World / Africa

Death toll hits 79 in Libyan armed clashes

By Agence France-Presse in Benghazi, Libya (China Daily) Updated: 2014-05-19 08:32

At least 79 people have been killed and 141 others wounded in fierce clashes in eastern Libya between armed groups loyal to a rogue ex-general and Islamist militias, a Health Ministry official said on Saturday.

Libya's government accused the "outlaw" retired general, Khalifa Haftar, and his irregular forces of trying to carry out a coup as they fight to crush militants in the restive eastern city of Benghazi.

Haftar, who led ground forces in the 2011 uprising that toppled Muammar Gadhafi, used warplanes and helicopters on Friday to support an offensive in pitched battles.

Reacting to his vow to continue fighting until Benghazi is "purged of terrorists", the army announced a no-fly zone over the port city and suburbs, vowing to shoot down any aircraft that defies the ban.

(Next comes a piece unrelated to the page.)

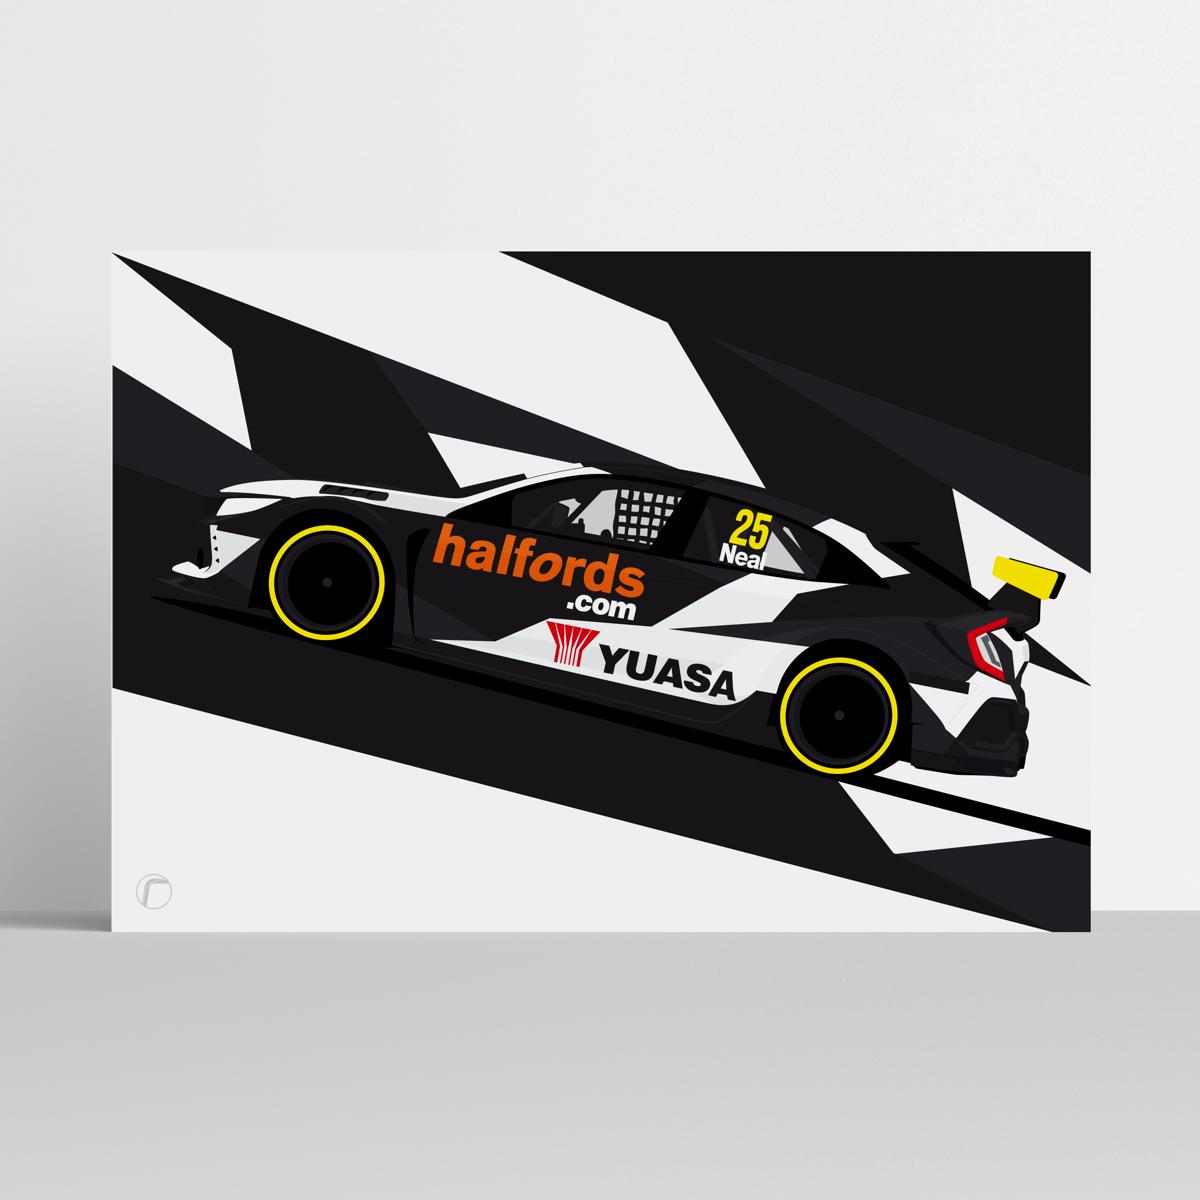 Image of Halfords Yuasa Racing | Neal 2020

The government, legislature and army charged that Haftar's operation was tantamount to a coup against the central authorities.

It is "an action outside state legitimacy and a coup d'etat", said a joint statement read on state television by Nuri Abu Sahmein, the head of the General National Congress.

"All those who took part in this coup bid will be prosecuted," said Abu Sahmein, flanked by recently appointed Prime Minister Abdullah al-Thani and armed forces chief of staff Abdessalam Jadallah al-Salihin.

Haftar denied the accusations against him.

"Our operation is not a coup and we do not plan to seize power," he told reporters. "This operation has a precise goal, which is the eradication of terrorism" in Libya.

Haftar, who sees himself as the chief of the "national armed forces" and has the support of rogue officers and army units as well as warplanes and helicopter gunships, seemed to act on his own accord.

Haftar's threat to purge Benghazi of the "terrorists" is an affront to the authorities, who have struggled to stomp out lawlessness in the North African nation, which is awash with weapons and effectively ruled by a patchwork of former rebels.

Once seen as heroes, ex-rebels, particularly Islamists, have been blamed for attacks that have killed dozens of members of security forces, judges and foreigners in Benghazi, the cradle of the 2011 revolt.

On Saturday, Haftar's spokesman Colonel Mohammad Hijazi advised residents in western and southern districts of Benghazi to evacuate their homes before fresh attacks were launched on Islamist militant targets.